Even before the pandemic, the organization had been considering the clemency process to relieve the overcrowding in Kansas prisons, ACLU legal director Lauren Bonds.

“The recent decision in our case, I think, gave us a push to try to think about doing it sooner rather than later, but this is something we had been considering for a while, just given the gross overpopulation of the prisons,” she said.

The pandemic has been particularly brutal at the Lansing facility, the state’s largest prison, where two staff members and three inmates have died. COVID-19 has infected 88 staff members and at least 750 of the approximately 1,710 men imprisoned there.
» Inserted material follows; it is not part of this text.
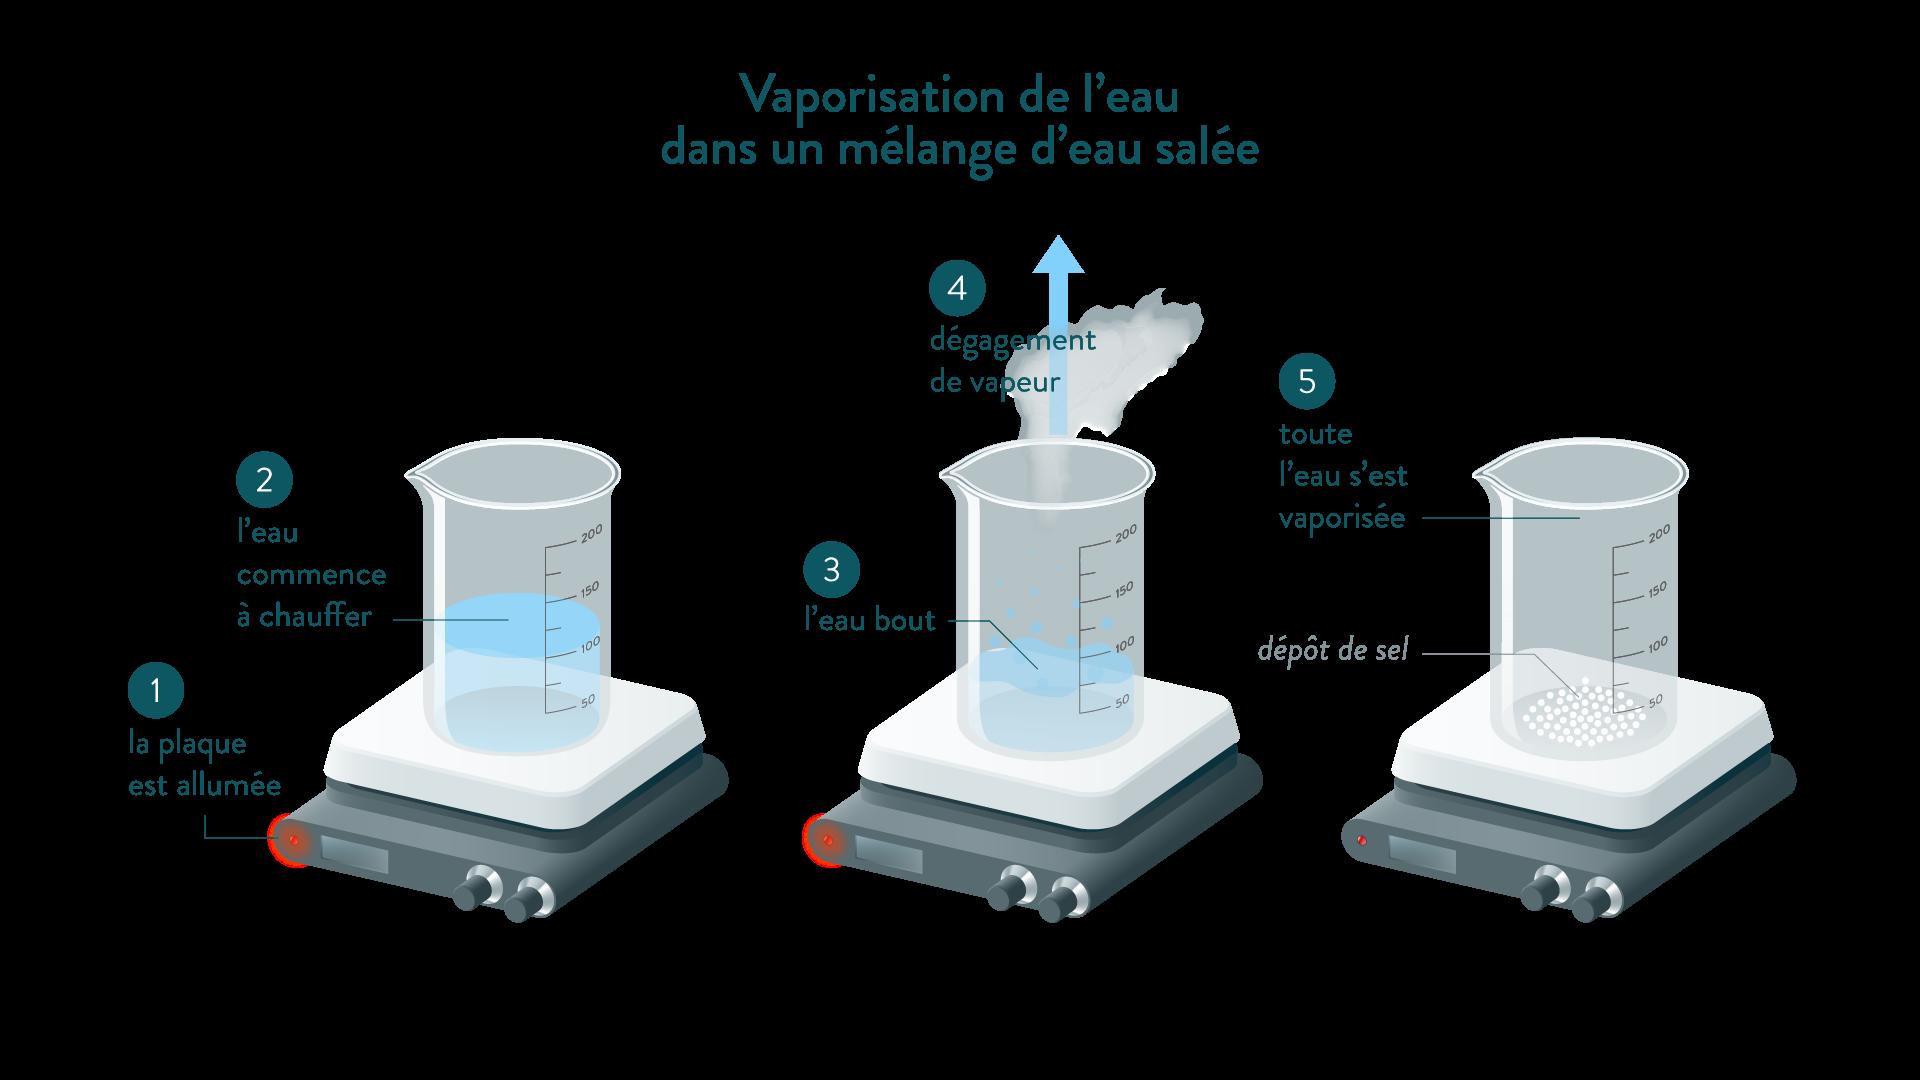 Vaporisation de l'eau dans un mélange d'eau salée physique chimie 6eme schoolmouv
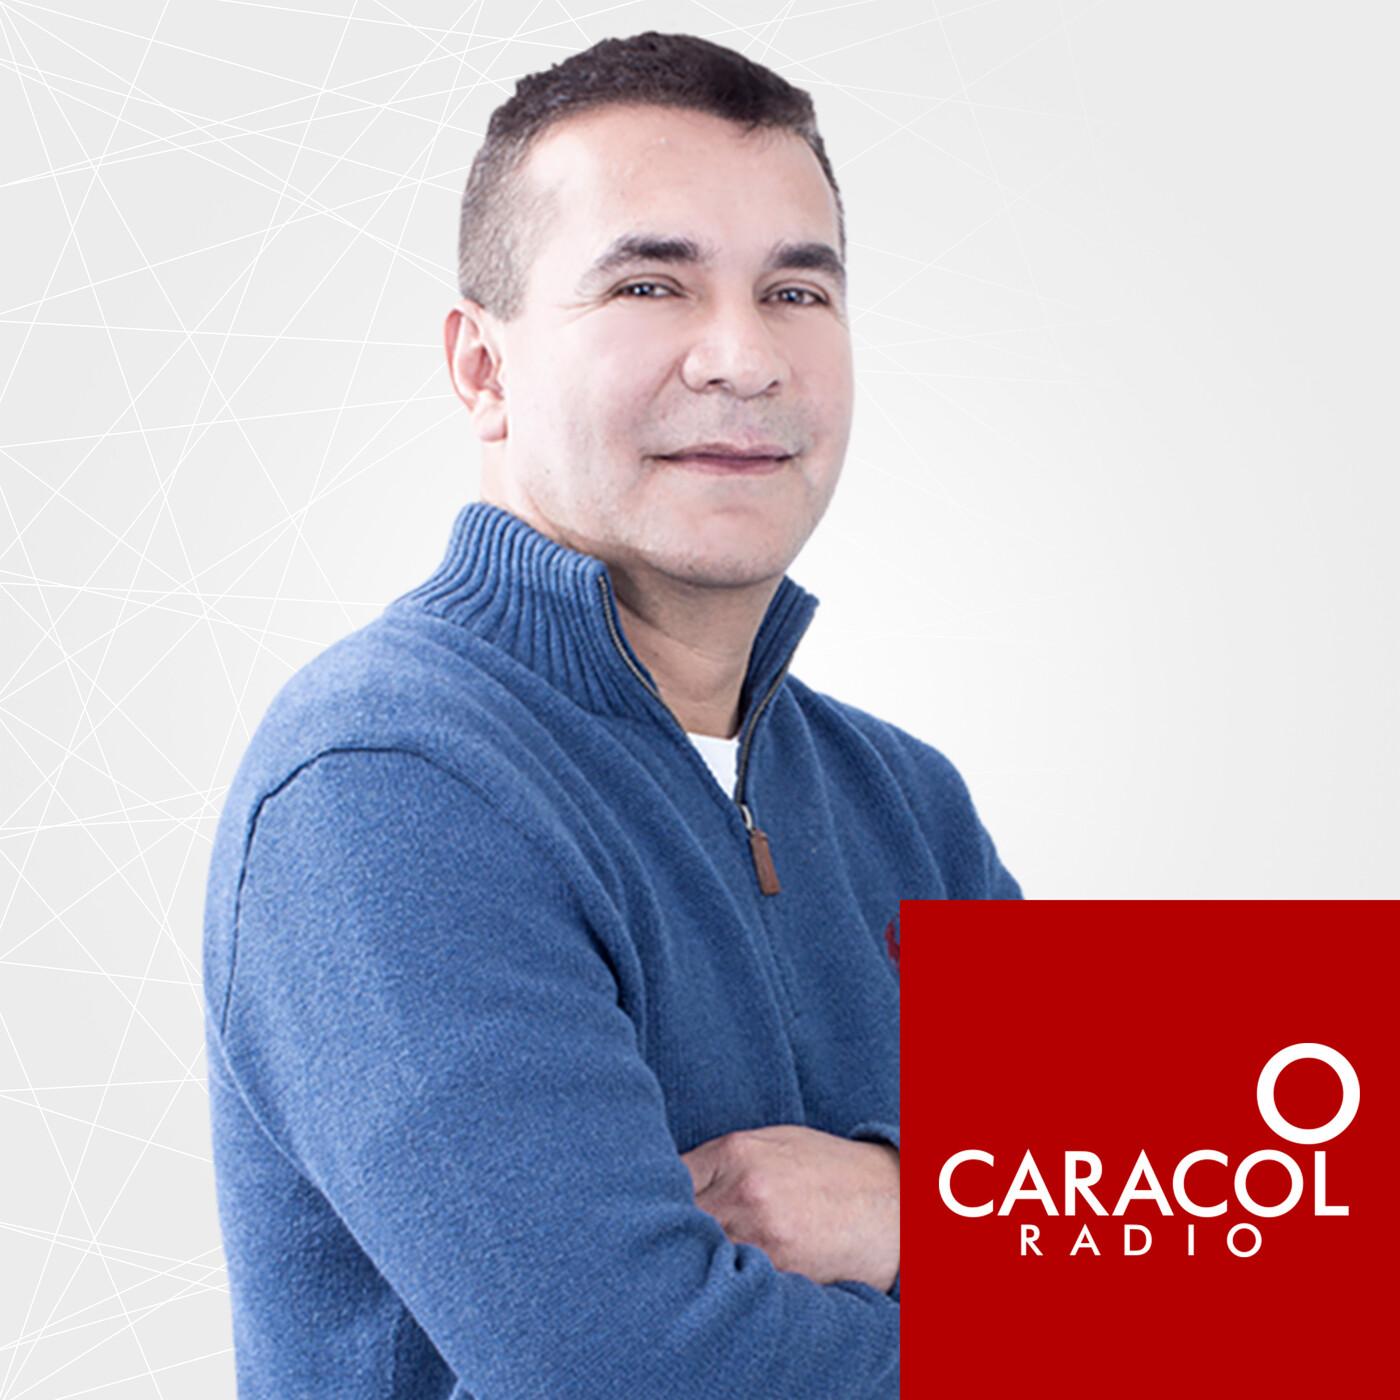 VBar Caracol (19/10/2020 - Tramo de 15:00 a 16:00)

The vast majority of the infected inmates, 85%, have no symptoms.

“That overpopulation has really created the perfect storm for these prisons to be hotbeds for coronavirus infections, and we are seeing that in particular in Lansing,” Bonds said.

The state’s Prisoner Review Board learned of the ACLU’s clemency project Thursday when it received four applications. The board will review the applications in accordance with Kansas law, said Rebecca Witte, spokeswoman for the Kansas Department of Corrections.

Individual clemency petitions will be filed on a rolling basis beginning with the inmates who were part of that lawsuit as well as more than 50 others who have since contacted the ACLU. And Bonds expects that number to grow.

“We are really optimistic that this is a way we can continue to work with the administration to reduce the number of folks who are incarcerated, and in particular make sure that we are giving relief to those particularly vulnerable to the virus who have no reason to be in prison right now,” Bonds said.